MacInnes writes science beautifully. The description of microscopic organisms, the power of evolution or the vast content of Voyager 1 are as flowing as you’ll find in any good coffee table science book – it makes the world around us come alive. Sadly, MacInnes seems always reluctant to have any actual action on the page. The pacing is baggy, slow and curiously loves to skip things. A character disappears and no explanation given; we suddenly find there is an environmental protest about the nature of Leigh’s work that makes plot points happen but comes out of nowhere and a spaceship goes one way and then we find goes the other. While Leigh is very well portrayed, and we get to understand her in the first half of the novel all the other characters appear cyphers – able to do the traditional long exposition as conversation scenes but really feel for the most part functional rather than human beings. I didn’t care about them or their fates. The mission is ultimately however well described a fairly routine science fiction plot at this point, and you can guess where it goes and indeed it does

Without getting too spoiler I’m also slightly troubled by how Leigh a woman shaped by abuse into someone who runs from her family, her partner and any real connection ends up more the observer and sacrifice to what happens next. There is no growth to Leigh in the novel and the idea that her childhood helps her to achieve just being at the book’s finale is for me a waste of a character and raises a troubling question of is it ok for Leigh to effectively disappear rather than be allowed to grow and make her own choices? Her passivity in the end for me really felt like MacInnes didn’t know what to do next so we will end on an ellipsis. Doctor Who’s conclusion to the episode Earthshock was way more interesting and I’ll leave it at that. But ultimately for me the autobiographical style the first half of the novel unwinds the book as Leigh’s future becomes apparent.
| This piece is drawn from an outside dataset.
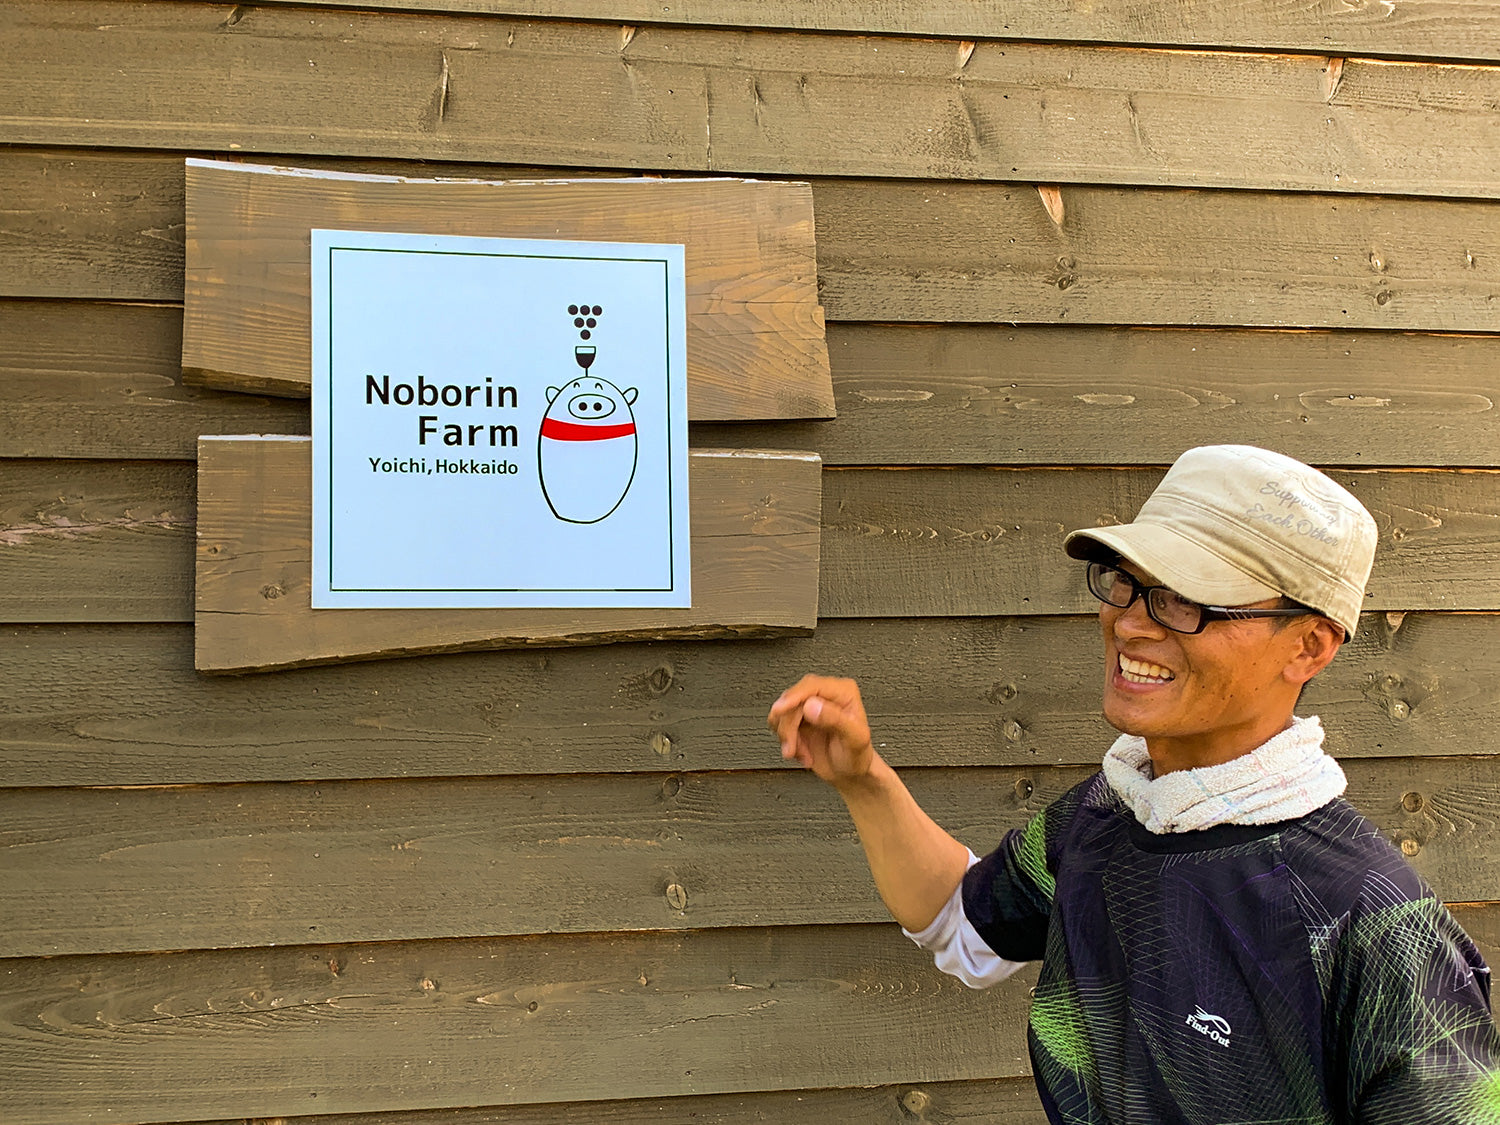 Noborin Farmの「ロゴの上の部分は形になった」と語る木原さん。次のステップは、ロゴの下部分、豚の放牧による有畜循環農業の実現だ。

It no longer fits the story as I was asking myself exactly who was she writing to?

I’m conscious writing this that In Ascension has just won the Clarke Award, so clearly some feel differently about the book,  but while I can appreciate the language and the first half really is a very good start , for me, the complete reading experience was a touch disappointing with a feeling that underneath the unique character voice, flowing language and some interesting ideas there ultimately feels just a very simple space travel tale we’ve seen before. Worth a read but I suspect will not be one people will keep coming back to.